Work item> For the material below, the expected output is exactly the lines between the line holding "Brug American barbell" and the line holding "Luk Beautifood Natural Mascara Benefits", inclusive, with pictures left out.

Exercise inputs>
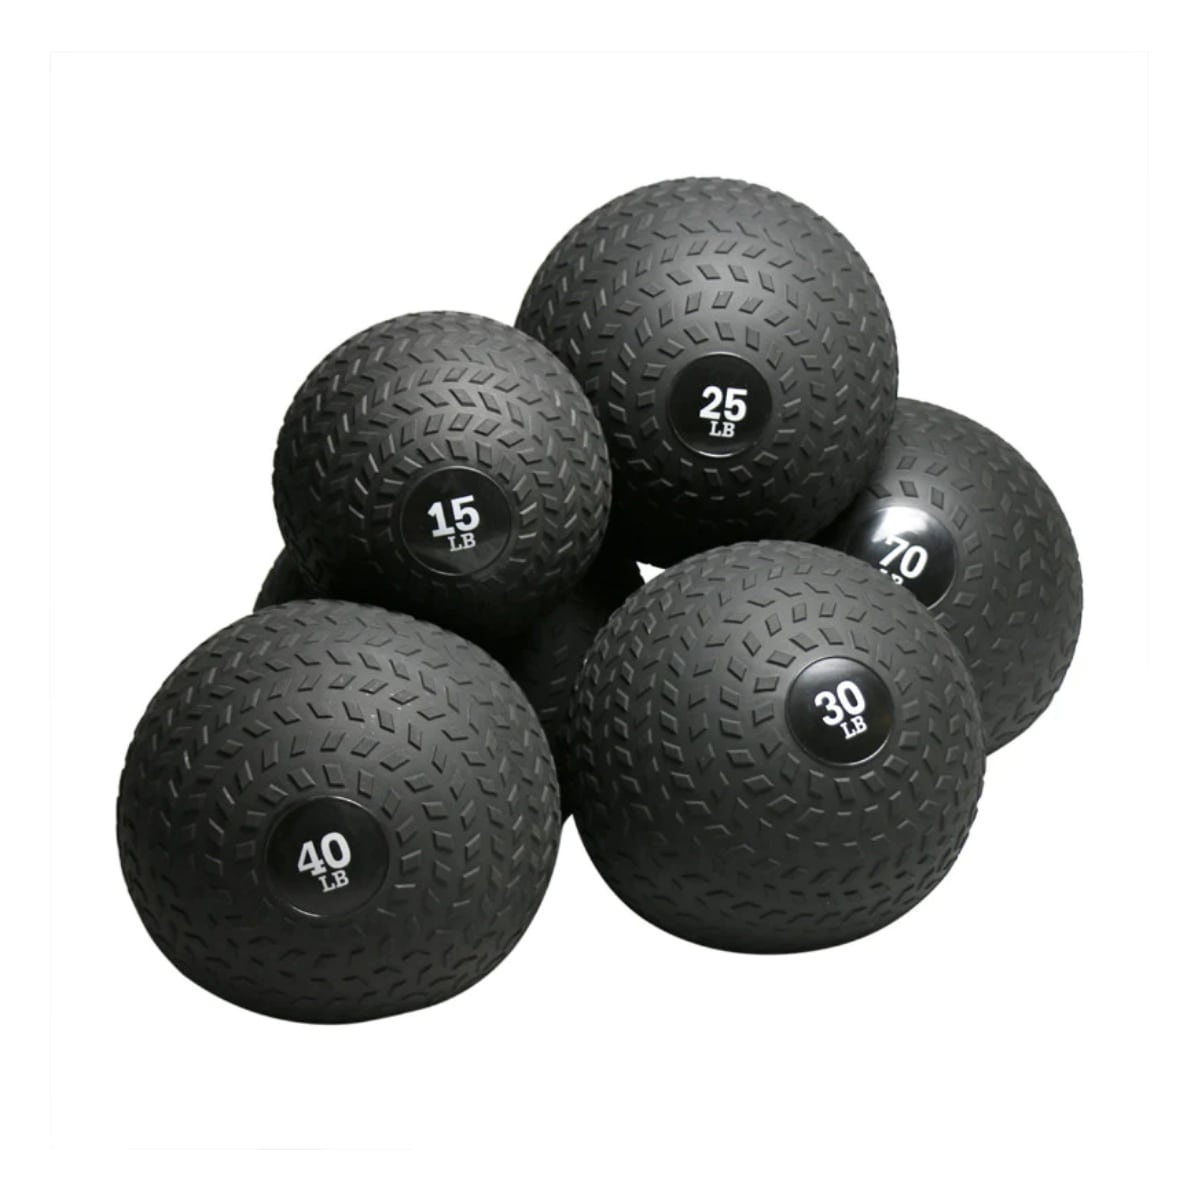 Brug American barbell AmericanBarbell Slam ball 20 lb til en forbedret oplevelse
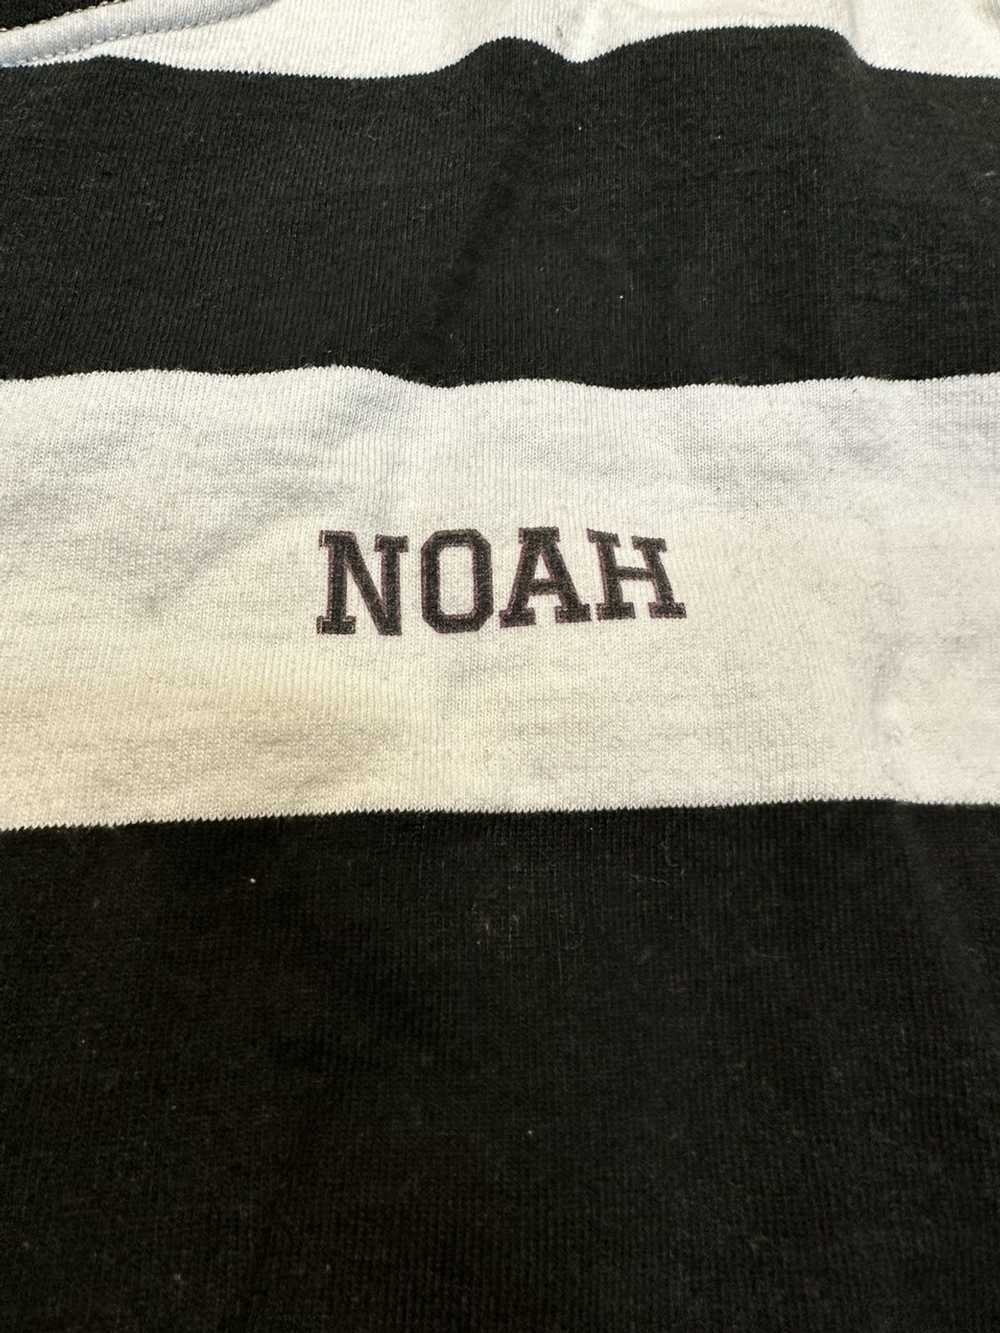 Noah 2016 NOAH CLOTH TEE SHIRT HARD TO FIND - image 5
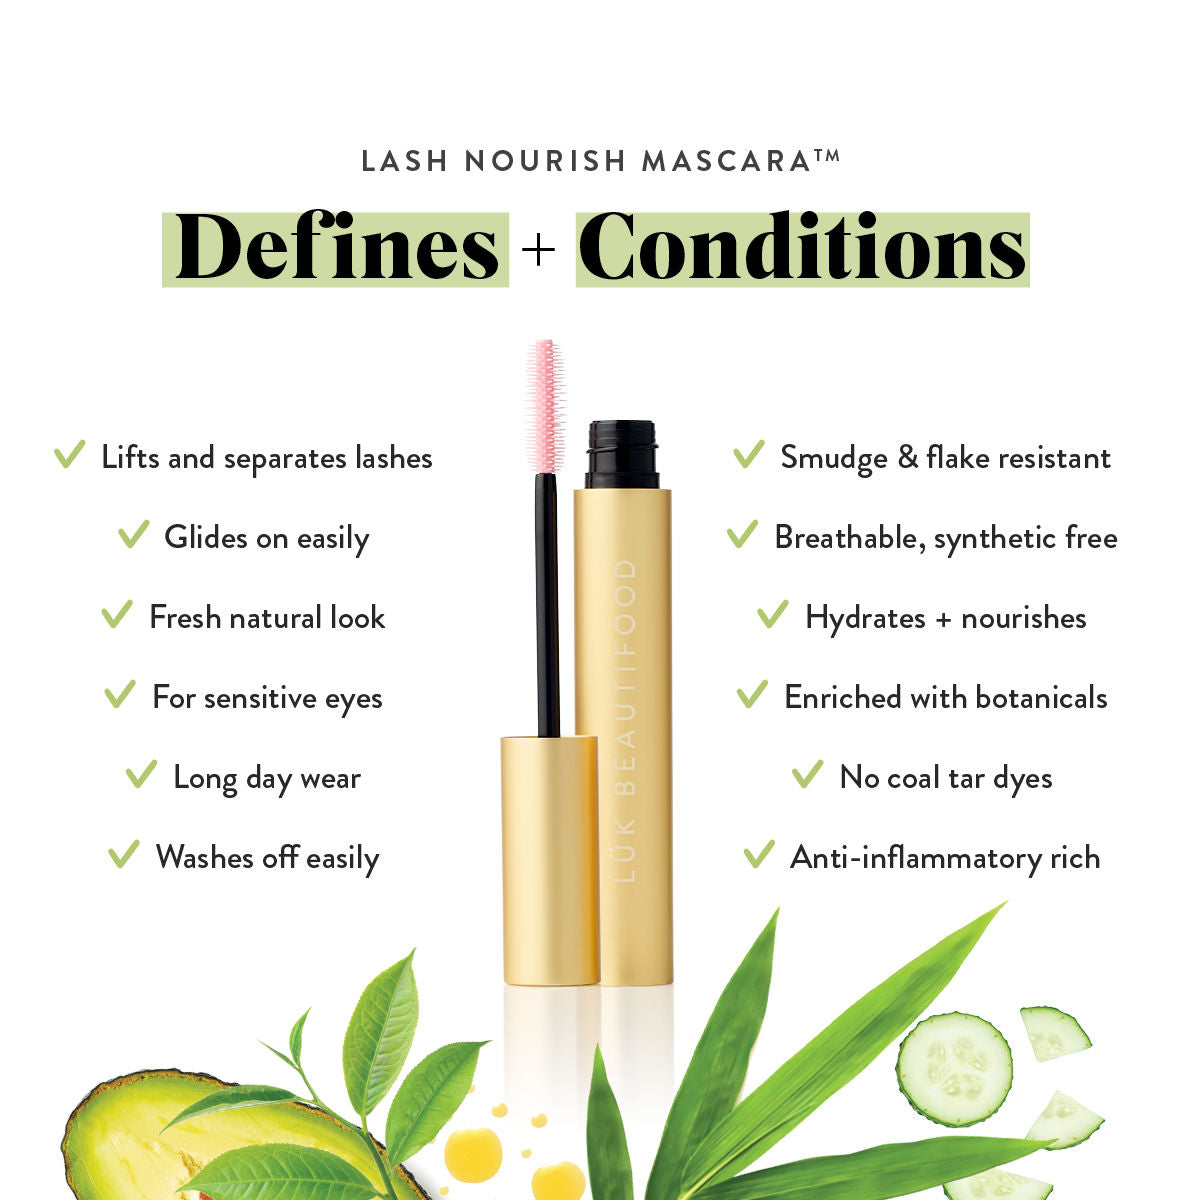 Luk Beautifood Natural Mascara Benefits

* * *

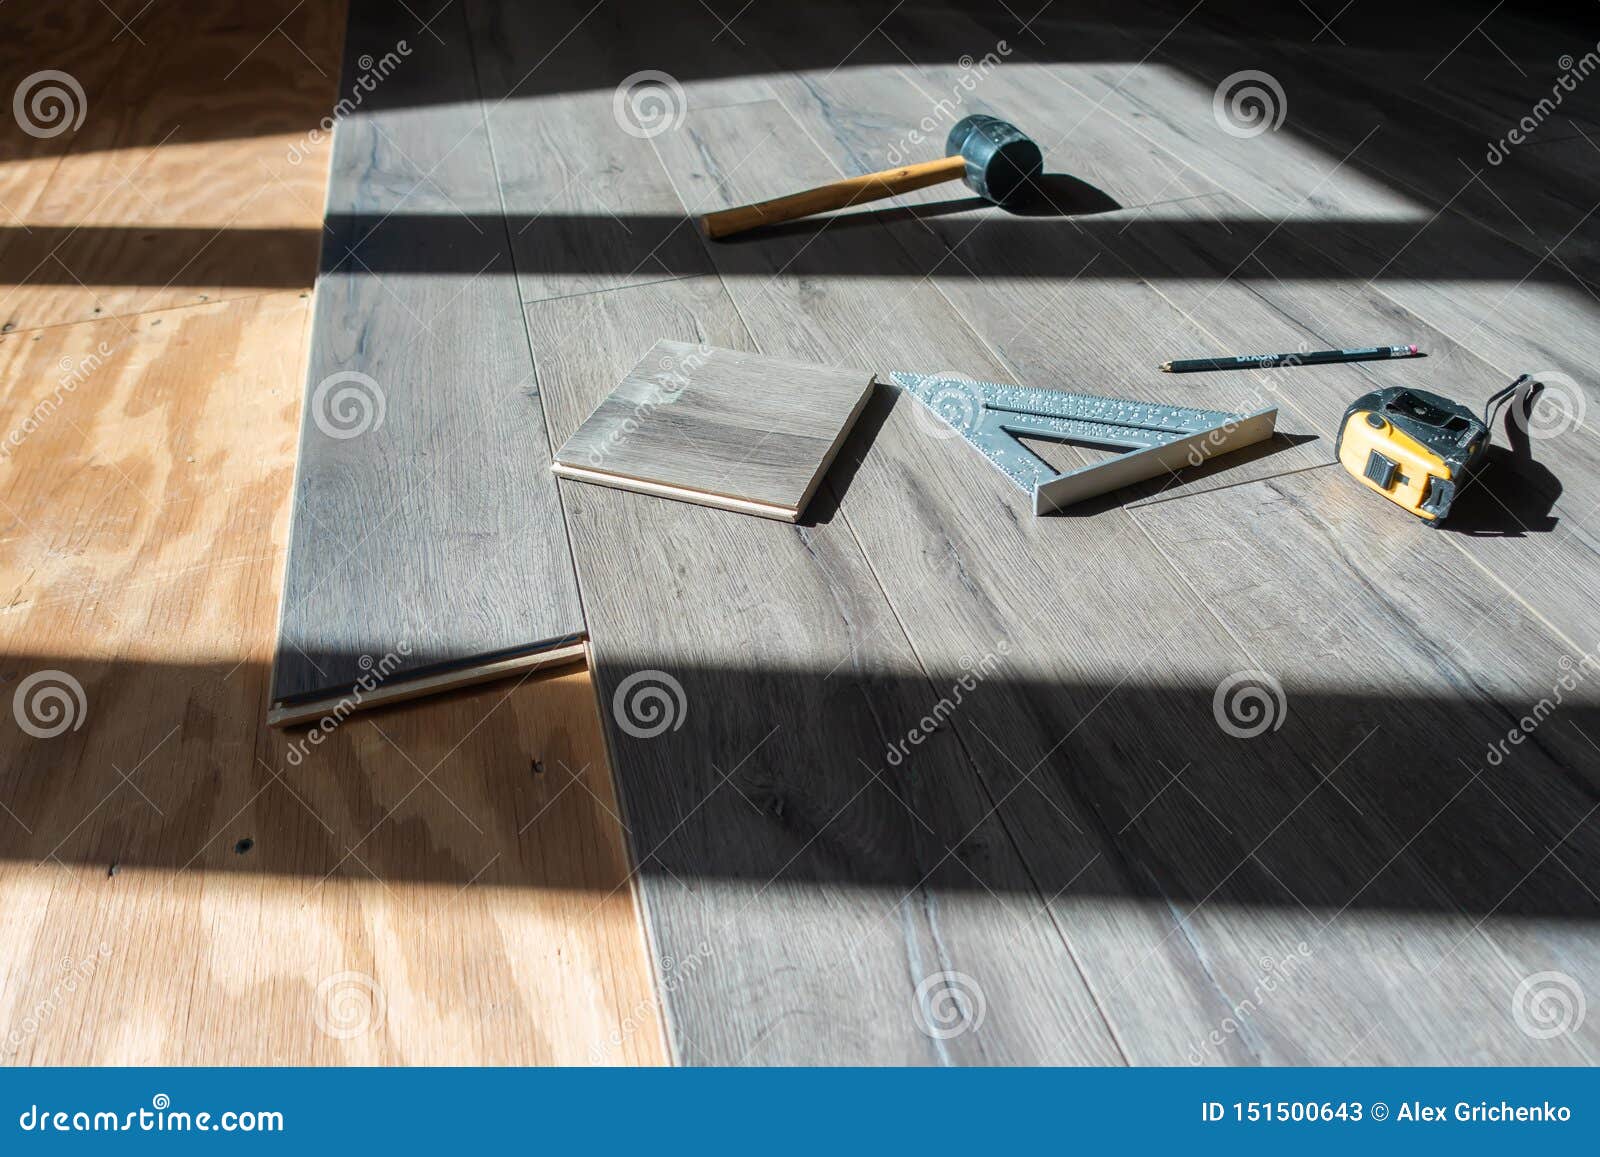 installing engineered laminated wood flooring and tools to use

Response area>
 Brug American barbell AmericanBarbell Slam ball 20 lb til en forbedret oplevelse
 Noah 2016 NOAH CLOTH TEE SHIRT HARD TO FIND - image 5
 Luk Beautifood Natural Mascara Benefits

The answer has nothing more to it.